Misi Mustahil Timnas vs Australia
Tim berangkat dalam dua gelombang supaya nggak jet lag. Kalau masih kelelahan di lapangan? Ya, mungkin lain kali kita coba berangkat tiga hari sebelumnya atau langsung main di liga antar-kecamatan saja biar menang.
Australia? Tim kuat. Pemain mereka tinggi-tinggi, ototnya kayak tokoh anime, larinya secepat delivery makanan kalau kita kasih tip gede. Kalau Garuda sampai bisa mencetak gol, kita wajib bikin parade kemenangan nasional, bawa trofi ke Monas, dan bikin tugu peringatan di depan Gelora Bung Karno.
Isu naturalisasi mulai jadi perbincangan panas.
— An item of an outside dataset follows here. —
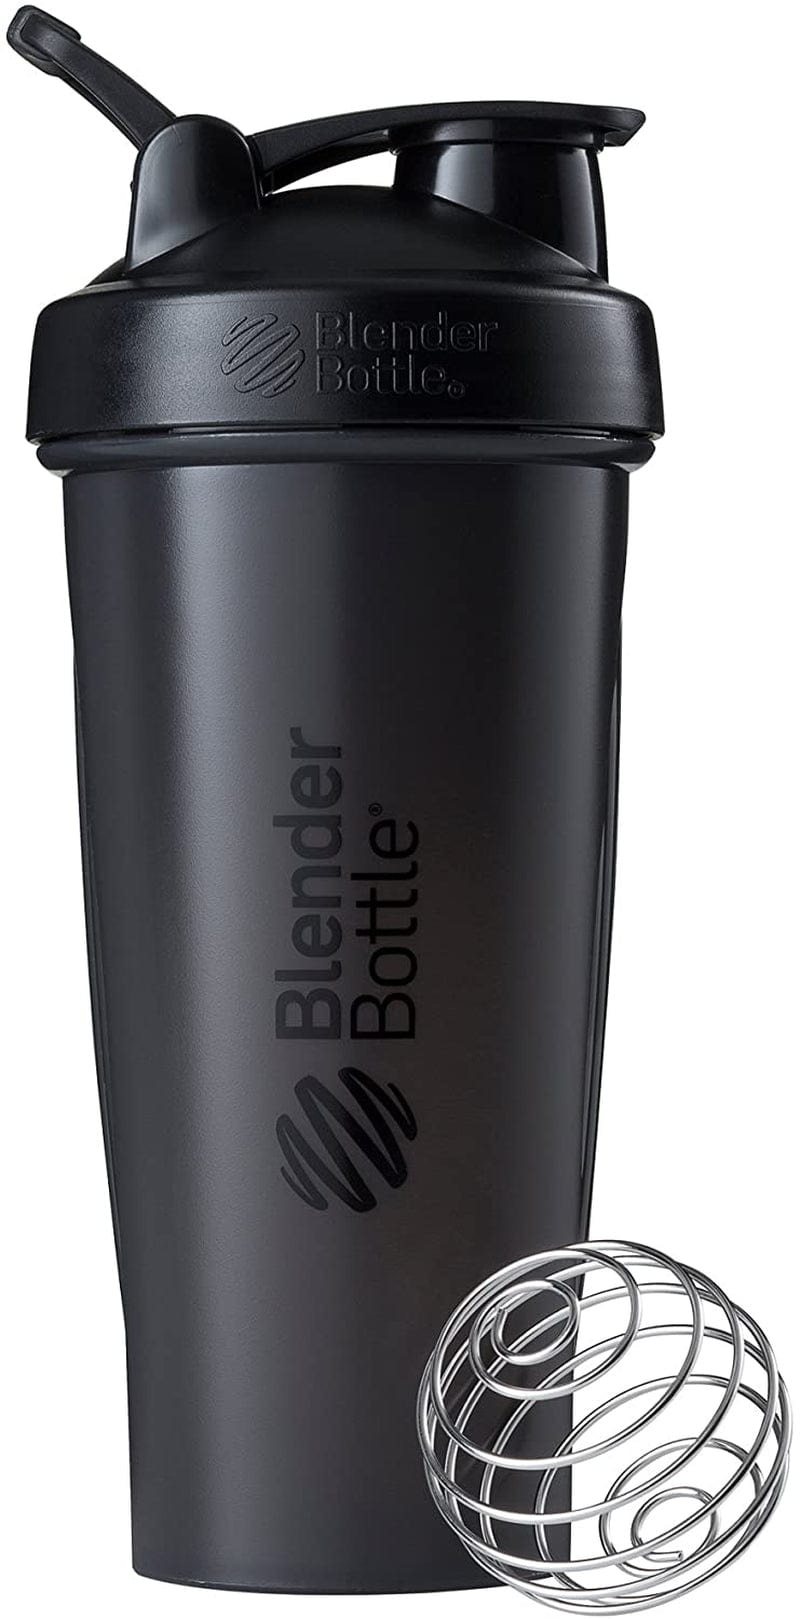 Blenderbottle Classic Shaker Bottle Perfect for Protein Shakes and Pre Workout, 20-Ounce, Clear/Black/Black & Classic V2 Shaker Bottle Perfect for Protein Shakes and Pre Workout, 28-Ounce, Black Home & Garden > Kitchen & Dining > Barware BlenderBottle Black Bottle 28-Ounce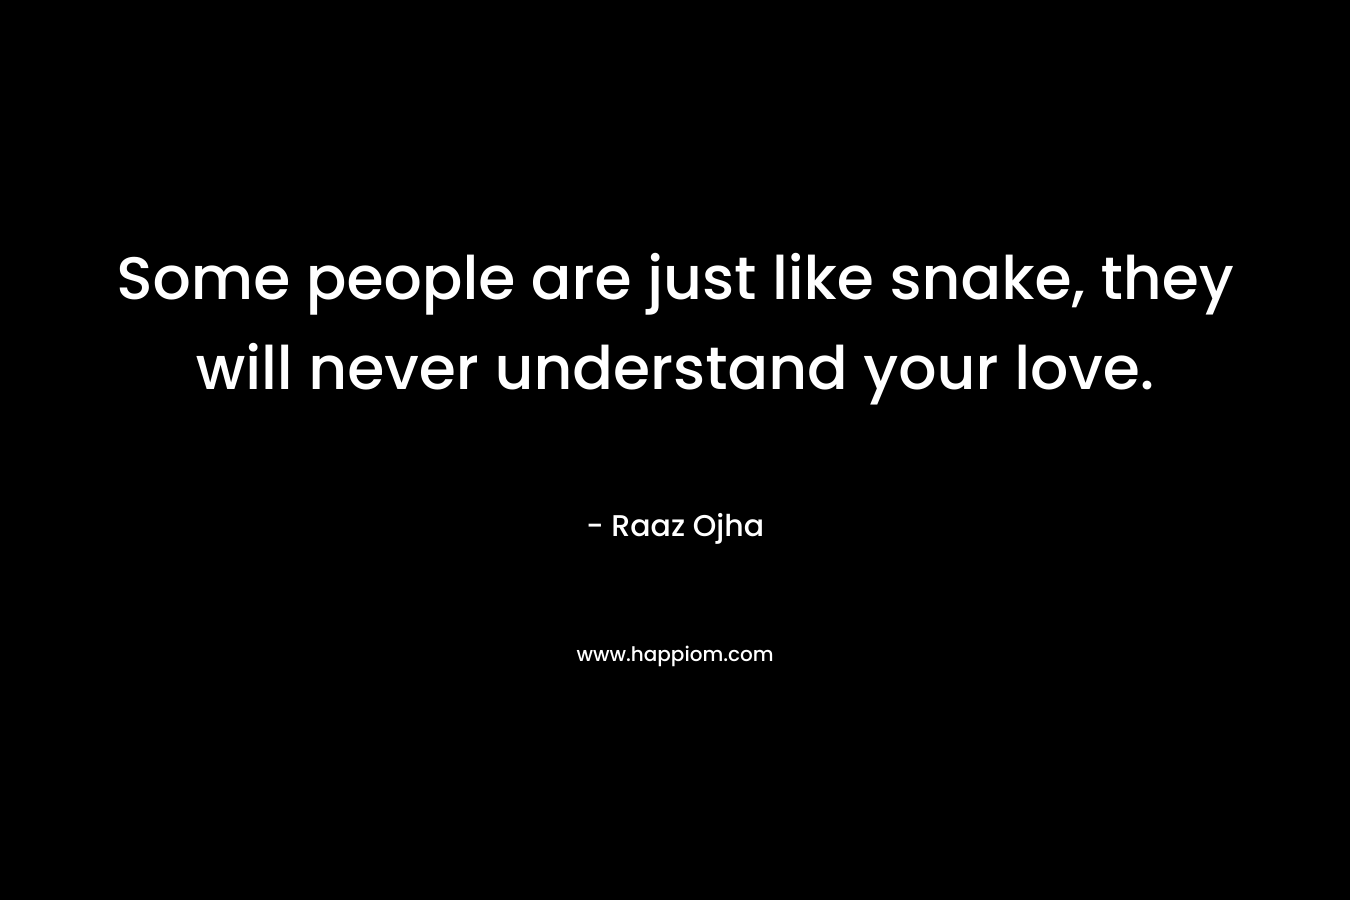 Some people are just like snake, they will never understand your love. – Raaz Ojha

Media Jepang bilang, ini bukan Timnas Indonesia, tapi “Timnas Belanda cabang Asia Tenggara.”
Tenang, kita nggak bakal jadi koloni Belanda lagi… mungkin. Beberapa pemain masih pegang paspor Belanda. Kalau suatu hari mereka tiba-tiba absen karena “ada urusan mendadak di Amsterdam,” ya, kita maklumi saja. Gonzales bilang mereka sudah jadi bagian dari bangsa Indonesia. Oke, besok kita tes, bisa nggak mereka bedain tempe mendoan sama tempe goreng biasa?
Australia bakal jadi ujian sesungguhnya. Kalau menang, kita bakal masuk headline seluruh dunia. Kalau kalah? Ya, kita kembali ke rutinitas biasa, ngopi, nonton Liga Inggris, dan berandai-andai, “Kalau Messi jadi WNI, mungkin kita bisa juara.”
Mari kita dukung Timnas. Kalau mereka menang, kita rayakan. Kalau kalah… ya udahlah, yang penting udah usaha. Garuda di dadaku, beban di lututku. So, jangan lupa siapkan kopi dan pisang goreng buat nonton aksi perdana squad Patrick Kelipet, eh salah, Patrick Kluivert.